A Lei Complementar nº 214/2025, sancionada em 16 de janeiro de 2025, regulamenta a Reforma Tributária sobre o consumo, trazendo uma mudança estrutural no sistema de arrecadação do país.
A grande inovação da reforma está na substituição de cinco tributos pelo novo sistema de arrecadação, pelo modelo de IVA dual. A Contribuição sobre Bens e Serviços (CBS), de competência federal, unifica PIS, Cofins e IPI, enquanto o Imposto sobre Bens e Serviços (IBS), arrecadado por estados e municípios, substitui ICMS e ISS.
Ambos seguem o princípio da não-cumulatividade, permitindo a compensação de créditos tributários ao longo da cadeia produtiva e evitando a incidência em cascata. Além disso, foi implementado o split payment, mecanismo que desconta os tributos no momento da transação comercial, reduzindo riscos de inadimplência e sonegação fiscal. Para evitar um aumento excessivo na carga tributária, foi estabelecida uma trava na alíquota-padrão de 26,5%, com revisão prevista para 2031. Caso a arrecadação necessária ultrapasse esse percentual, o governo deverá revisar benefícios fiscais para manter o equilíbrio do sistema.
O Imposto Seletivo (IS) também foi instituído para incidir sobre produtos considerados prejudiciais à saúde e ao meio ambiente. A alíquota será superior à do IVA e abrangerá itens como cigarros, bebidas alcoólicas, bebidas açucaradas, veículos e bens minerais. A exportação de minérios foi isenta dessa tributação para preservar a competitividade do setor mineral brasileiro no mercado global.
A nova legislação mantém regimes diferenciados para setores essenciais, garantindo a proteção ao consumo de bens e serviços fundamentais.
- Isenção total de tributos foi concedida para a cesta básica nacional, abrangendo alimentos essenciais como arroz, feijão, leite e carnes, além de medicamentos essenciais, garantindo que tratamentos médicos fundamentais não sejam onerados.
- Redução de 60% na carga tributária foi aplicada a setores estratégicos como alimentos processados e outros bens de consumo, incluindo frutas, sucos naturais, óleos vegetais e determinados produtos agropecuários.
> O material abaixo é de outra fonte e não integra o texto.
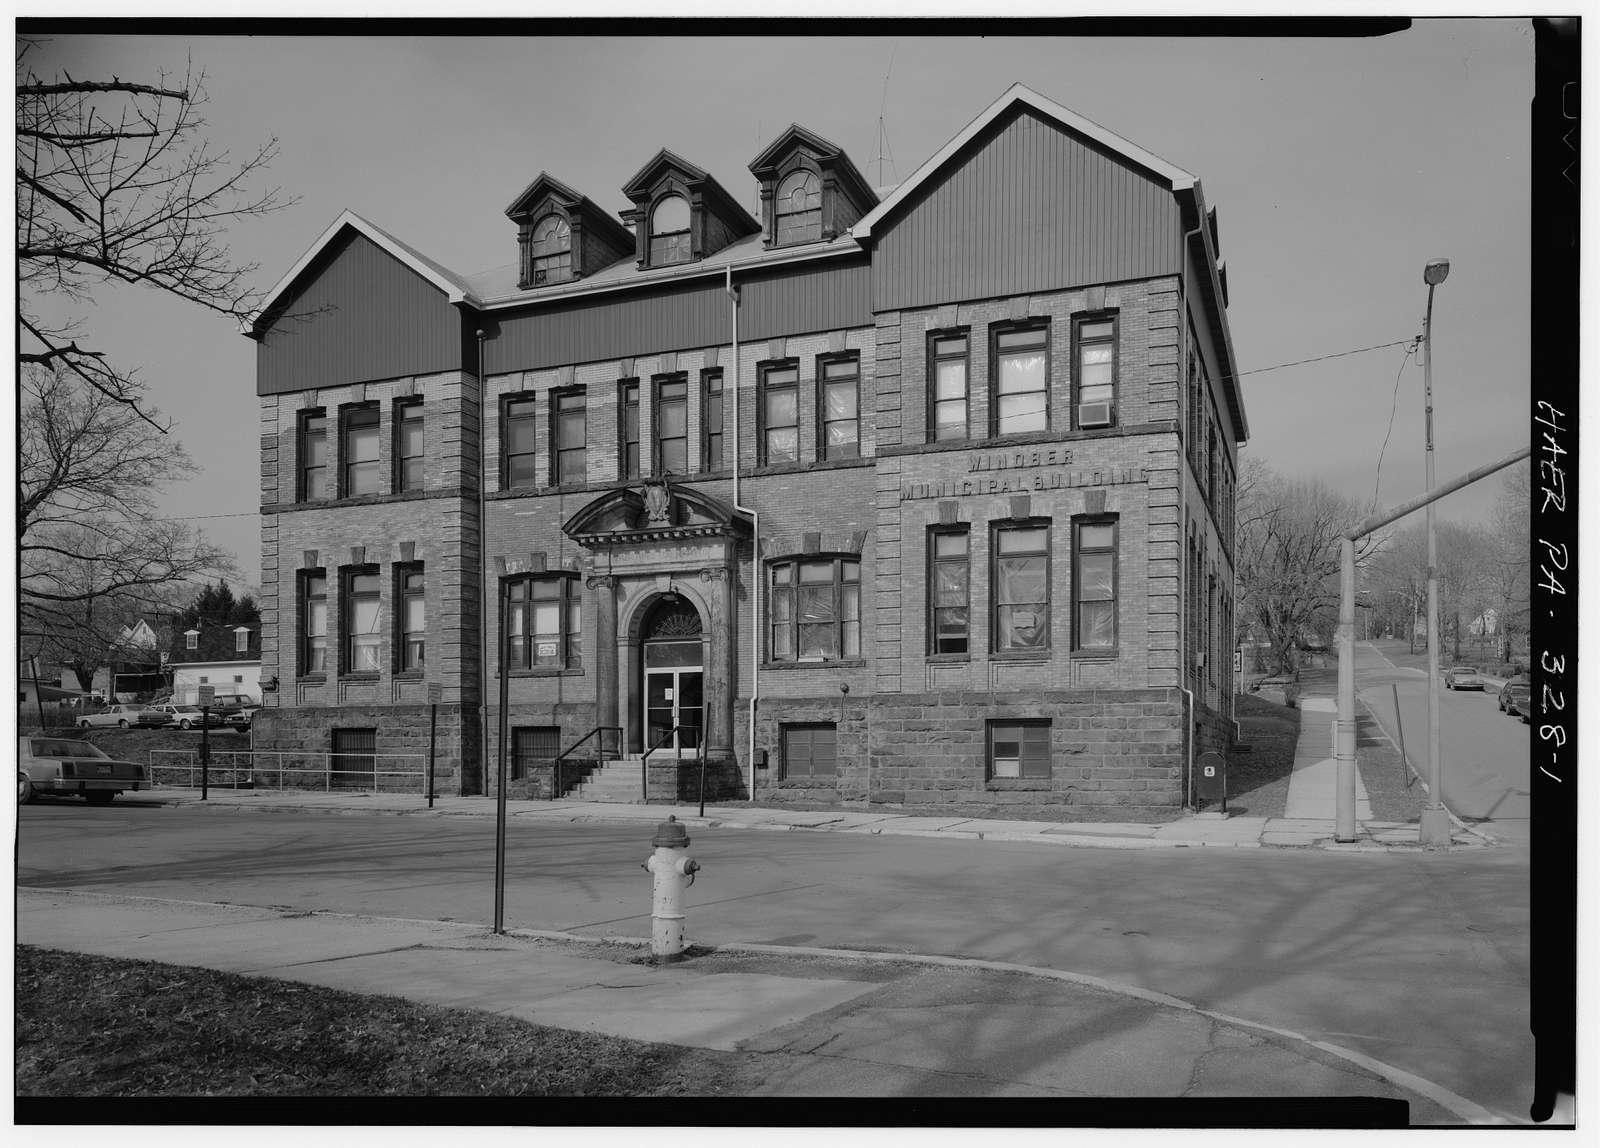 Berwind-White Coal Mining Company, Main Office, Fifteenth Street & Somerset Avenue, Windber, Somerset County, PA

Na área da saúde, a redução engloba serviços hospitalares, consultas médicas, exames laboratoriais e dispositivos médicos essenciais. No setor educacional, contempla ensino infantil, fundamental, médio, superior e cursos técnicos. Produtos de higiene e limpeza, como sabonetes, fraldas descartáveis e escovas de dentes, também estão incluídos.
- Redução de 30% para profissionais liberais foi prevista para advogados, engenheiros, arquitetos, contadores, médicos veterinários e demais profissionais técnicos e científicos.
- Redução de 50% para o setor imobiliário garante menor tributação sobre transações imobiliárias e isenção para locadores com até três imóveis e renda anual inferior a R$ 240 mil, incentivando pequenos investidores.
Além disso, foi criado um programa de cashback para a população de baixa renda, garantindo a devolução integral da CBS e, no mínimo, 20% do IBS sobre gastos essenciais como água, energia elétrica e gás de cozinha. Estados e municípios poderão ampliar esse percentual conforme sua política fiscal.
Foram vetados do texto da Câmara dos Deputados alguns dispositivos, com destaque para isenção para fundos de investimento e patrimoniais foi retirada para evitar distorções na arrecadação, e o desconto de 60% na tributação de seguros contra furto e roubo de dispositivos eletrônicos e serviços de proteção bancária foi excluído.
A implementação do novo sistema tributário ocorrerá de forma gradual. Em 2026, inicia-se uma fase de testes, onde as novas alíquotas serão destacadas nas notas fiscais sem recolhimento efetivo. A partir de 2027, a CBS começa a ser cobrada, enquanto PIS e Cofins são extintos. O Imposto Seletivo também entra em vigor nesse período. Em 2028, o IBS passa a ser aplicado com alíquota reduzida, coexistindo com ICMS e ISS. Entre 2029 e 2032, o IBS terá um aumento progressivo, enquanto ICMS e ISS serão reduzidos. Em 2033, a nova estrutura será consolidada, extinguindo-se os tributos antigos e adotando definitivamente a CBS e o IBS.
A introdução do novo modelo exigirá um planejamento cuidadoso para empresas e contribuintes, e a adaptação ao novo regime, a correta classificação tributária e o aproveitamento adequado dos benefícios serão fundamentais para reduzir impactos e garantir conformidade com a legislação.